You are viewing a plain text version of this content. The canonical link for it is here.
Posted to commits@impala.apache.org by mj...@apache.org on 2017/07/19 15:49:06 UTC
[2/2] incubator-impala git commit: IMPALA-5407: Fix crash in HdfsSequenceTableWriter

IMPALA-5407: Fix crash in HdfsSequenceTableWriter

The following use of sequence file writer can lead to a crash:
> set compression_codec=gzip;
> set seq_compression_mode=record;
> set allow_unsupported_formats=1;
> create table seq_tbl like tbl stored as sequencefile;
> insert into seq_tbl select * from tbl;

This fix removes the MemPool::FreeAll() call from
HdfsSequenceTableWriter::Flush(). Freeing the memory pool in Flush()
is incorrect because a memory pool buffer is cached by the compressor
in the table writer which isn't reset across calls to Flush().

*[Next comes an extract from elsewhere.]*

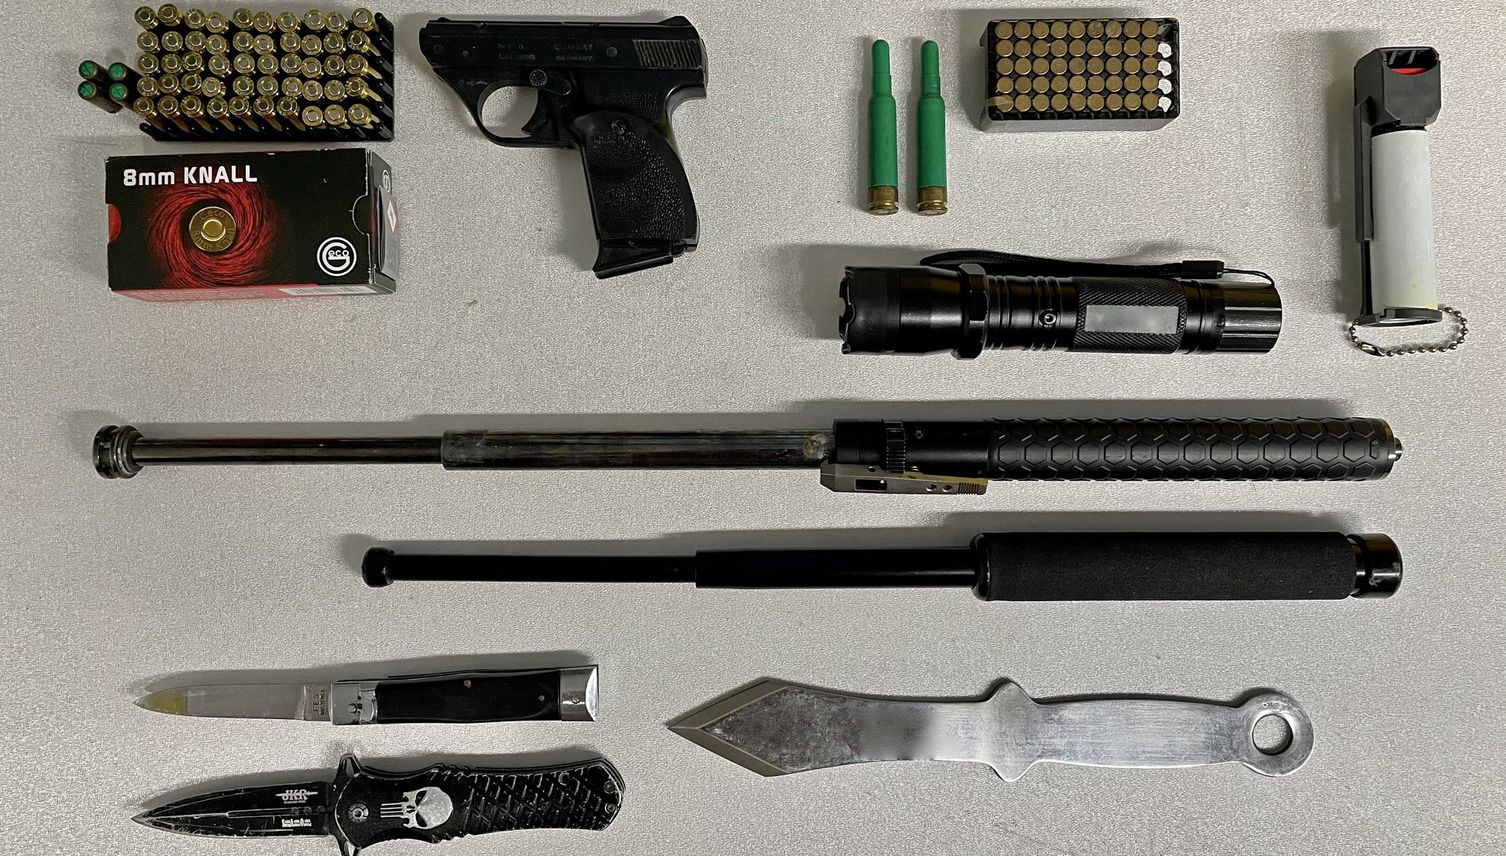 Pistole und 12 Kilo Drogen: Dealer in Ebikon aufgeflogen

If the file that is being written is big enough,
HdfsSequenceTableWriter::AppendRows() will call Flush() multiple
times causing memory corruption.

Change-Id: Ida0b9f189175358ae54149d0e1af7caa06ae3bec
Reviewed-on: http://gerrit.cloudera.org:8080/7394
Reviewed-by: Michael Ho <kw...@cloudera.com>
Tested-by: Impala Public Jenkins


Project: http://git-wip-us.apache.org/repos/asf/incubator-impala/repo
Commit: http://git-wip-us.apache.org/repos/asf/incubator-impala/commit/bc56d3c4
Tree: http://git-wip-us.apache.org/repos/asf/incubator-impala/tree/bc56d3c4
Diff: http://git-wip-us.apache.org/repos/asf/incubator-impala/diff/bc56d3c4

Branch: refs/heads/master
Commit: bc56d3c48c3629bda989e1f6b8265bd42c1b5c63
Parents: 3bd21bc
Author: Attila Jeges <at...@cloudera.com>
Authored: Fri Jun 16 16:37:03 2017 +0200
Committer: Impala Public Jenkins <im...@gerrit.cloudera.org>
Committed: Wed Jul 19 06:48:06 2017 +0000

----------------------------------------------------------------------
 be/src/exec/hdfs-sequence-table-writer.cc         |  1 -
 .../queries/QueryTest/seq-writer.test             | 18 ++++++++++++++++++
 2 files changed, 18 insertions(+), 1 deletion(-)
----------------------------------------------------------------------


http://git-wip-us.apache.org/repos/asf/incubator-impala/blob/bc56d3c4/be/src/exec/hdfs-sequence-table-writer.cc
----------------------------------------------------------------------
diff --git a/be/src/exec/hdfs-sequence-table-writer.cc b/be/src/exec/hdfs-sequence-table-writer.cc
index f8d7b4c..4a66c5e 100644
--- a/be/src/exec/hdfs-sequence-table-writer.cc
+++ b/be/src/exec/hdfs-sequence-table-writer.cc
@@ -348,7 +348,6 @@ Status HdfsSequenceTableWriter::Flush() {
   }
   out_.Clear();
   out_value_lengths_block_.Clear();
-  mem_pool_->FreeAll();
   unflushed_rows_ = 0;
   return Status::OK();
 }

http://git-wip-us.apache.org/repos/asf/incubator-impala/blob/bc56d3c4/testdata/workloads/functional-query/queries/QueryTest/seq-writer.test
----------------------------------------------------------------------
diff --git a/testdata/workloads/functional-query/queries/QueryTest/seq-writer.test b/testdata/workloads/functional-query/queries/QueryTest/seq-writer.test
index 753eb0f..7e2363f 100644
--- a/testdata/workloads/functional-query/queries/QueryTest/seq-writer.test
+++ b/testdata/workloads/functional-query/queries/QueryTest/seq-writer.test
@@ -288,3 +288,21 @@ select count(*) from store_sales_seq_gzip_block;
 ---- TYPES
 BIGINT
 ====
+---- QUERY
+# IMPALA-5407: Create a table containing seq files with GZIP+RECORD. If the number of
+# impalad workers is three, three files will be created, two of which are large enough
+# (> 64MB) to force multiple flushes. Make sure that the files have been created
+# successfully.
+SET COMPRESSION_CODEC=GZIP;
+SET SEQ_COMPRESSION_MODE=RECORD;
+SET ALLOW_UNSUPPORTED_FORMATS=1;
+create table catalog_sales_seq_gzip_rec like tpcds.catalog_sales stored as SEQUENCEFILE;
+insert into catalog_sales_seq_gzip_rec select * from tpcds.catalog_sales;
+====
+---- QUERY
+select count(*) from catalog_sales_seq_gzip_rec;
+---- RESULTS
+1441548
+---- TYPES
+BIGINT
+====